I think this is a good question. Here's a simpler repro:
let test n =
[for i in 1 .. n -> Seq.empty]
|> List.fold (Seq.map2 max) Seq.empty
|> Seq.iter ignore
test
creats a sequence of empty sequences, calculates the max by rows, and then iterates over the resulting (empty) sequence. You'll find that with a high value of n
this will cause a stack overflow, even though there aren't any values to iterate over at all!
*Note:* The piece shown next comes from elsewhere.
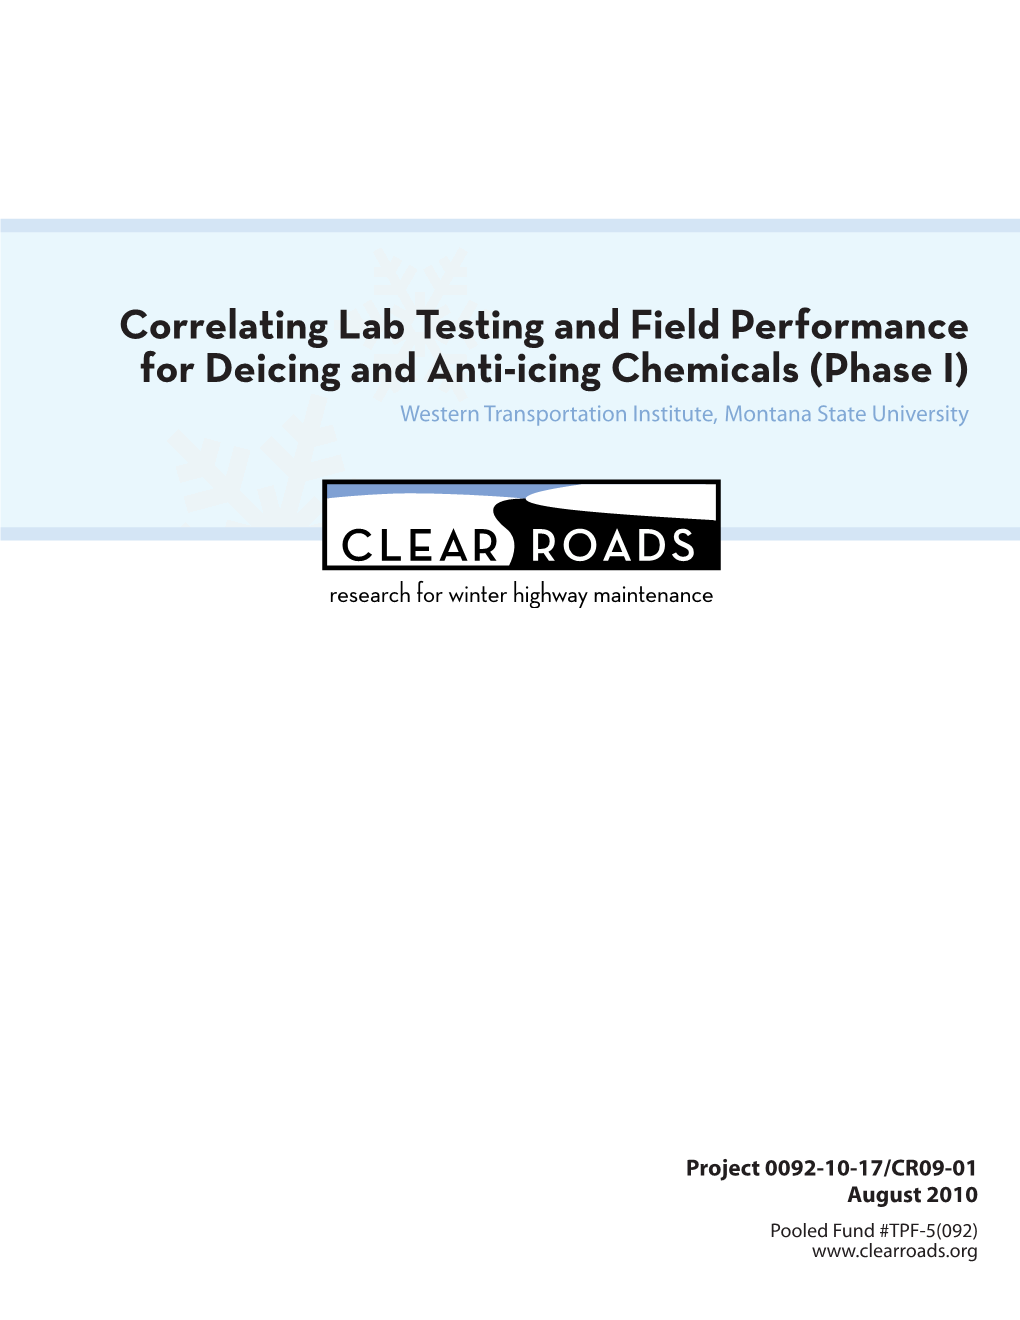 Correlating Lab Testing and Field Performance for Deicing and Antiicing Chemicals
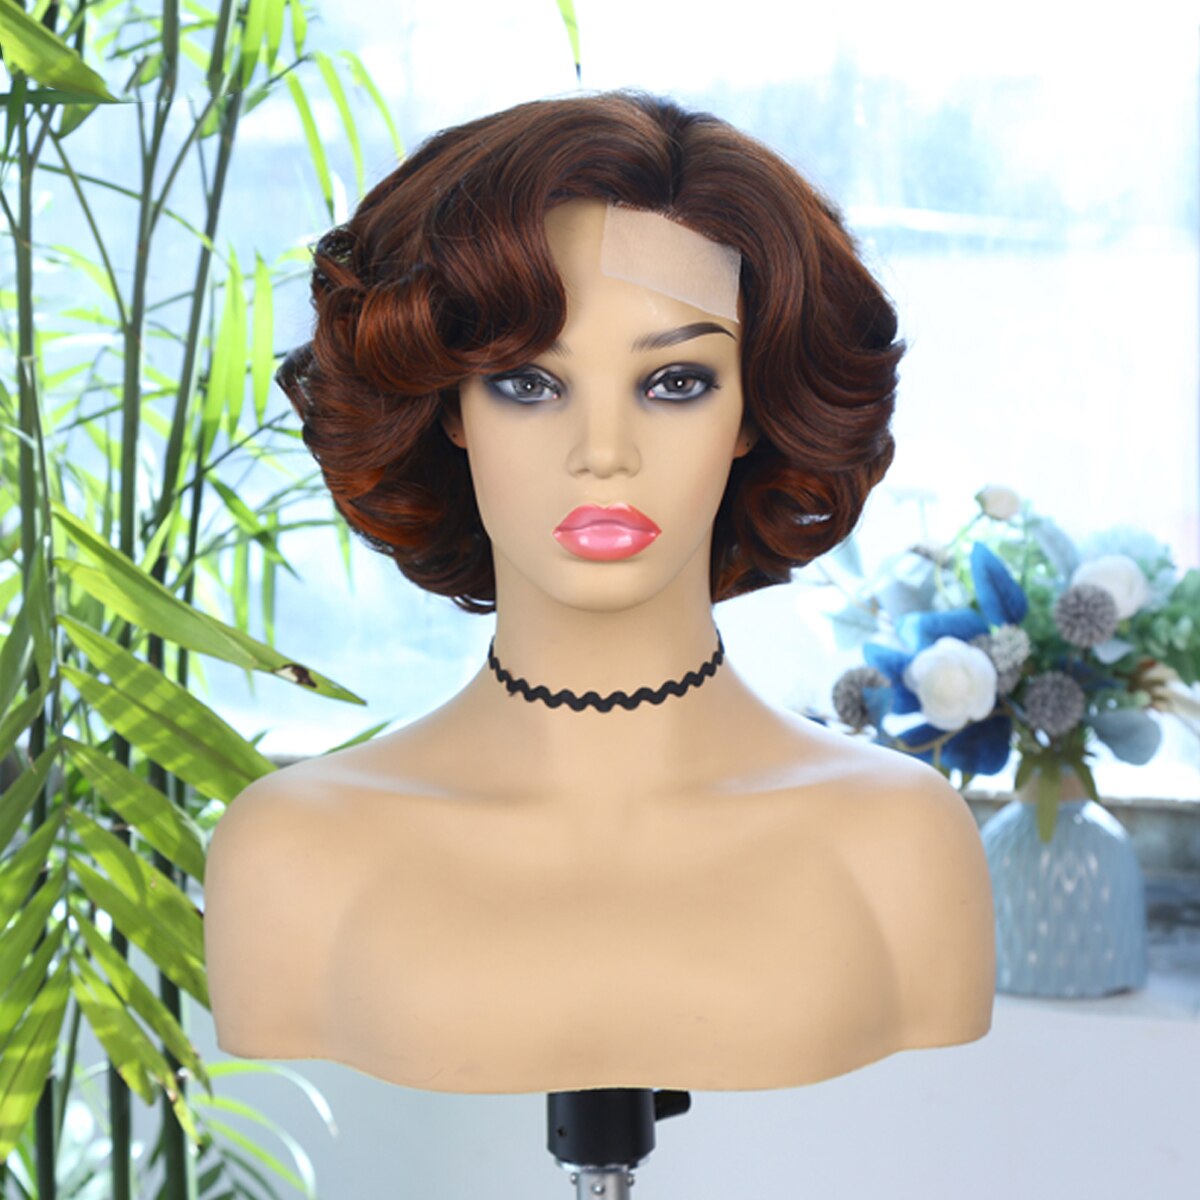 Body Wave Short Wig Brown Color Synthetic Hair Wigs For Women Side Part Wigs On Sale Clearance Cosplay Wig Daily Use

It's a bit tricky to explain why, but here's a stab at it. The problem is that as you fold over the sequences, Seq.map2
is returning a new sequence which defers its work until it's enumerated. Thus, when you try to iterate through the resulting sequence, you end up calling back into a chain of computations n
layers deep.
As Daniel explains, you can escape this by evaluating the resulting sequence eagerly (e.g. by converting it to a list).
EDIT
Here's an attempt to further explain what's going wrong. When you call Seq.map2 max s1 s2
, neither s1
nor s2
is actually enumerated; you get a new sequence which, when enumerated, will enumerate both of them and compare the yielded values. Thus, if we do something like the following:
let s0 = Seq.empty
let s1 = Seq.map2 max Seq.emtpy s0
let s2 = Seq.map2 max Seq.emtpy s1
let s3 = Seq.map2 max Seq.emtpy s2
let s4 = Seq.map2 max Seq.emtpy s3
let s5 = Seq.map2 max Seq.emtpy s4
...
Then the call to Seq.map2
always returns immediately and uses constant stack space. However, enumerating s5 requires enumerating s4, which requires enumerating s3, etc. This means that enumerating s99999 will build up a huge call stack that looks sort of like:
...
(s99996's enumerator).MoveNext()
(s99997's enumerator).MoveNext()
(s99998's enumerator).MoveNext()
(s99999's enumerator).MoveNext()
and we'll get a stack overflow.